The negative impact of illegal drugs including social problems, health problems and financial problems are well-publicised and often felt more keenly because they are close to home. But fewer people, especially those whose lifestyles embrace using illegal drugs, are inclined to view the bigger picture, part of which is the devastating effect of coca, opium and marijuana production on one of the world’s most precious resources the Amazon rainforest.

The Amazon Rainforest covers over a billion acres, covering areas in Brazil, Venezuela, Colombia and the Eastern Andean region of Ecuador and Peru.

This rich and precious natural resource is known as the “Lungs of our Planet”, with more than 20 percent of the world’s oxygen being produced in the Amazon Rainforest. Over half of the world’s estimated 10 million species of plants, animals and insects live in the tropical rainforests and more than 25 percent of the active ingredients found in modern cancer-fighting drugs come from organisms found only in the rainforest. Twenty percent of the globe’s fresh water is found in the Amazon Basin.

That is the good news. The bad news is that man is systematically destroying it, through, amongst other things, production of illicit drugs which is causing mass de-forestation, pollution of waterways, erosion and global climate change.

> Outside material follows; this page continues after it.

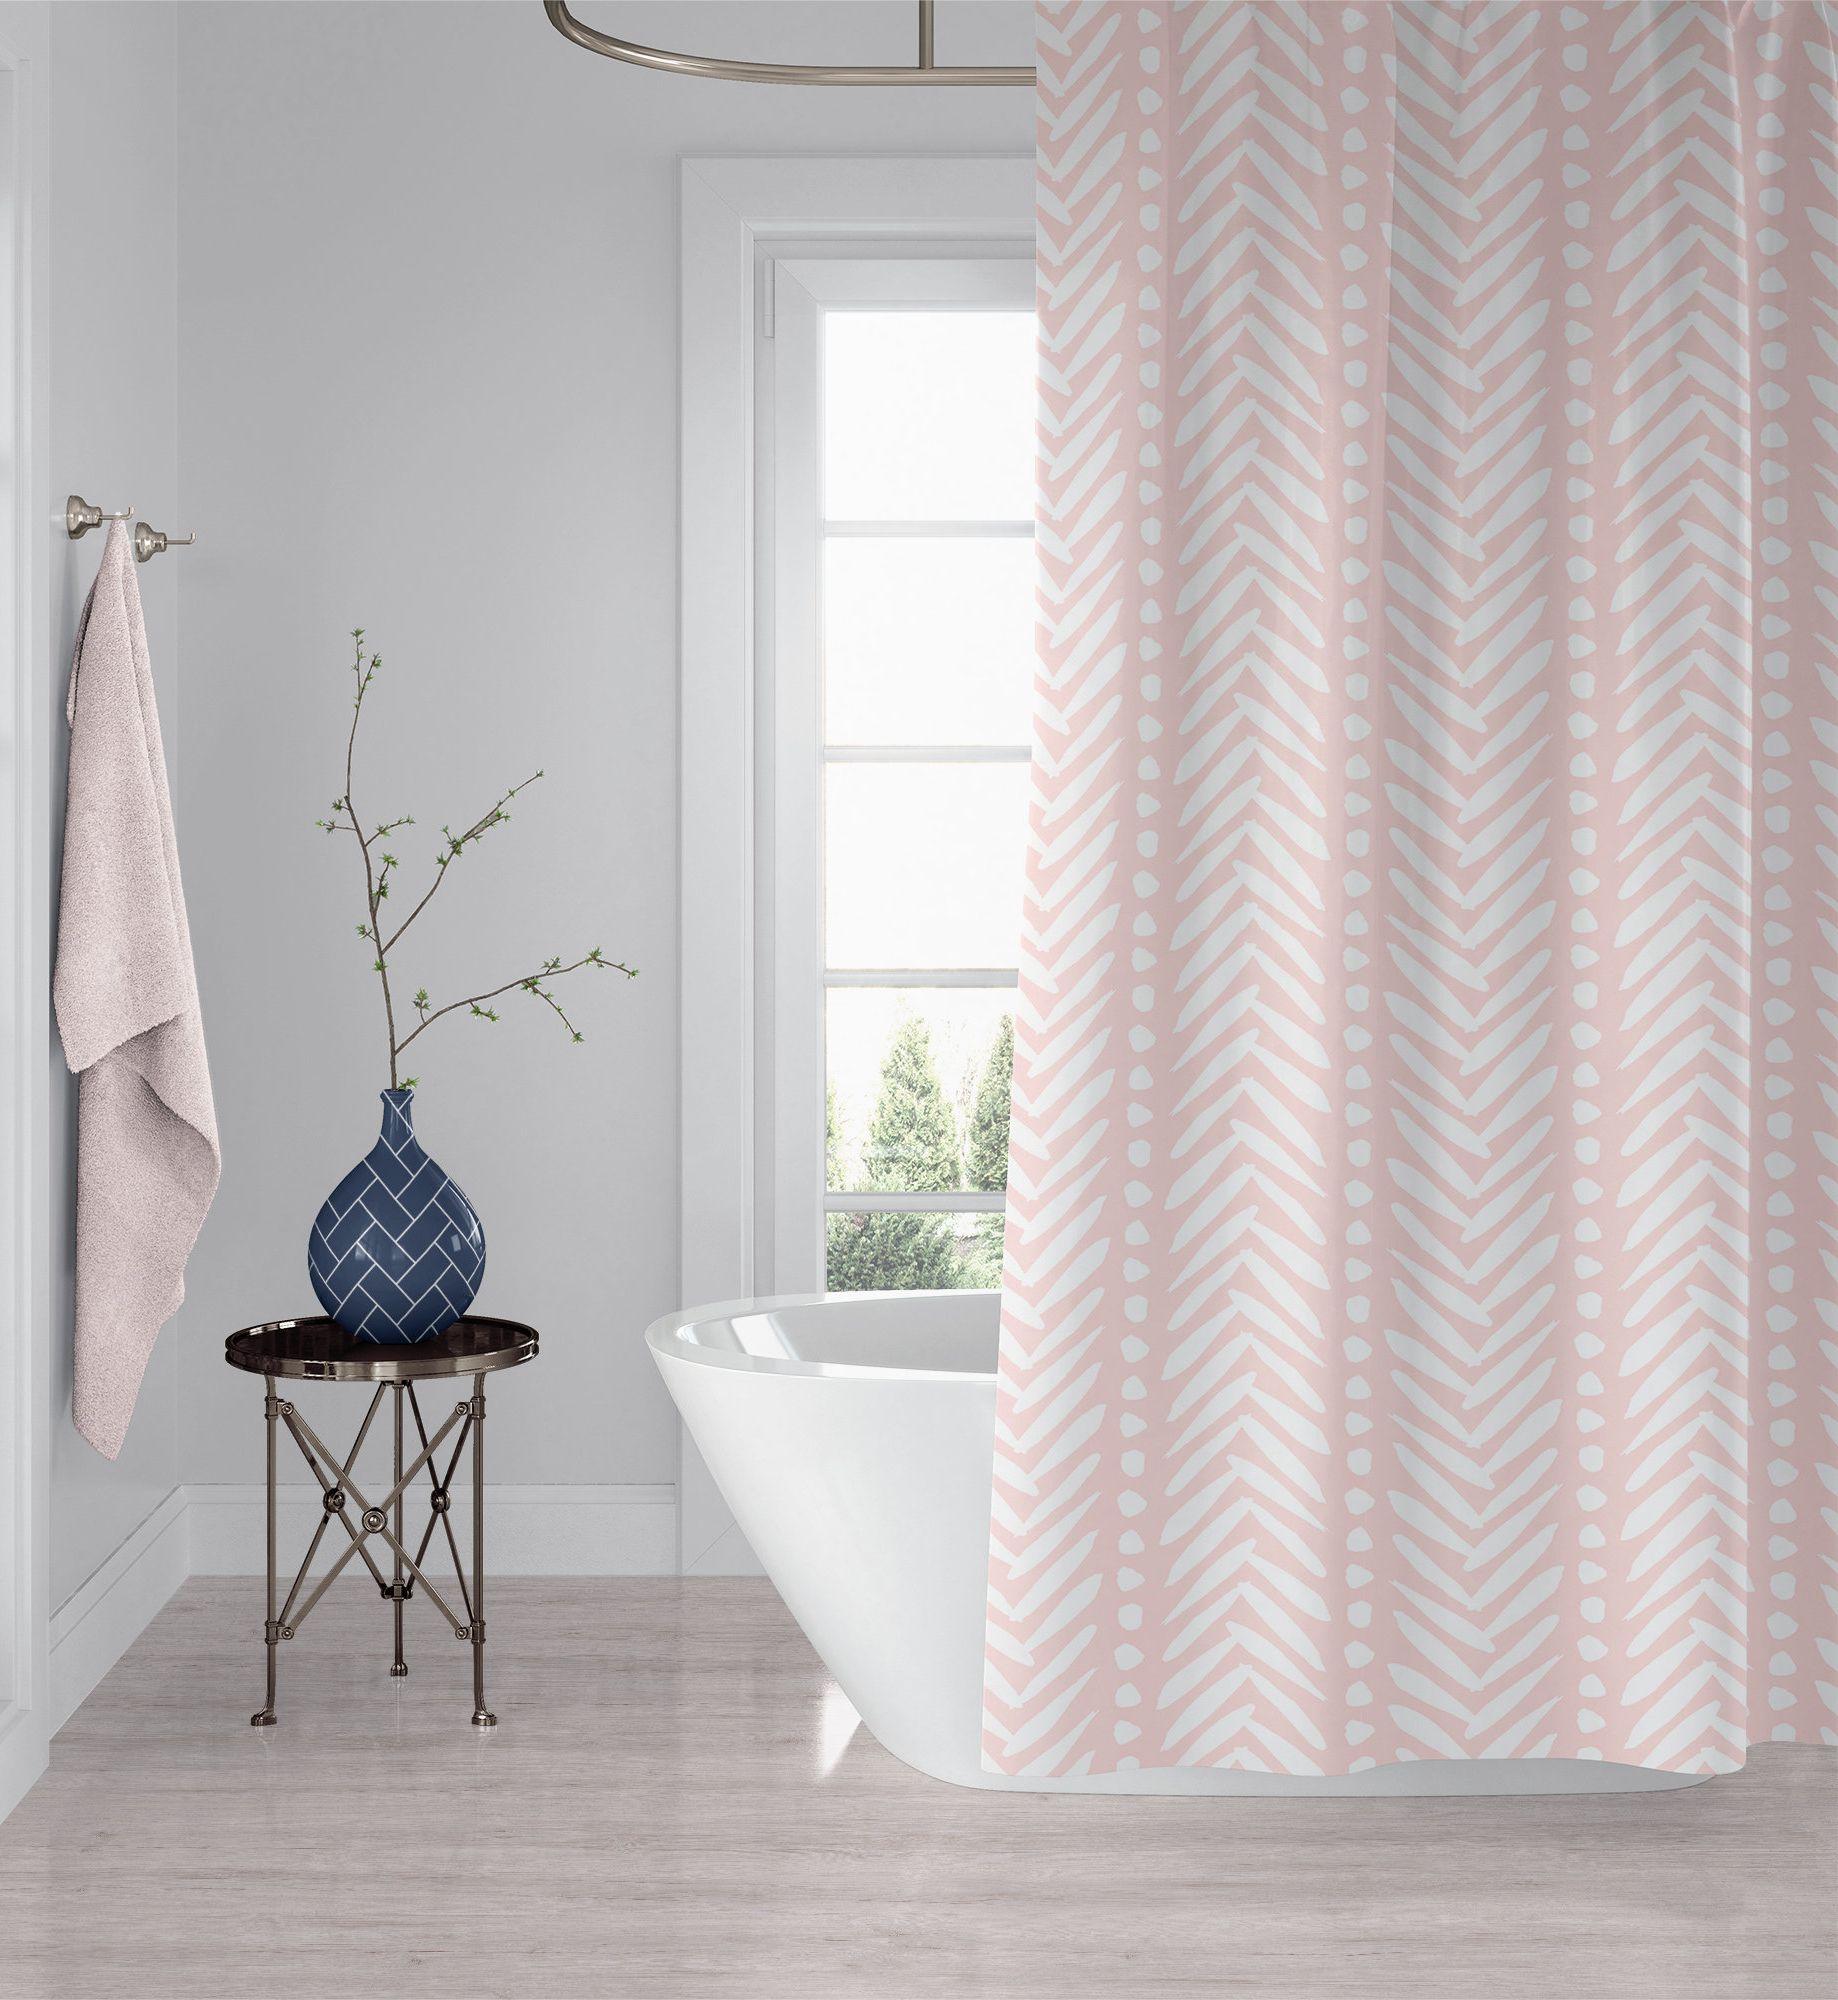 Light Rose Pink Herringbone Shower Curtain Blush Bohemian Fabric Bath Curtain Machine Washable 90x70 83x70 74x71 Custom Made Curtains Rose Lights Fabric Shower Curtains

It is estimated that plantations in the Peruvian Amazon have increased sevenfold during the last 15 years, with coca plants being the largest crop under cultivation to meet the increasing demand for cocaine in Europe and the USA.

Over the past twenty years, approximately 5.9 million acres of rain forest have been lost to drug production fields in the Andean regions of Peru, Bolivia and Colombia. To make just one gram of cocaine requires almost 300 grams of dried coca leaves.

To produce a 2.5 acre crop of coca plants, approximately 10 acres of forest must be cleared or burned (how’s that for a carbon footprint), causing air pollution, loss of habitat to thousands of plant and animal species, and soil erosion. The award-winning scientist and expert in biodiversity, Dr Edward O. Wilson, estimates that 50,000 animal and plant species per year are being lost to deforestation.

Deforestation aside, the chemical byproducts of cocaine production have resulted in a staggering estimated 14,800 tons of chemical waste being disposed of in the Amazon River Basin every year. According to one study of cocaine production in Bolivia undertaken by the US Drug Enforcement Administration, just one kilo of cocaine base required three litres of concentrated sulfuric acid, ten kilos of lime, up to 80 litres of kerosene, 200 grams of potassium permanganate and one litre of concentrated ammonia.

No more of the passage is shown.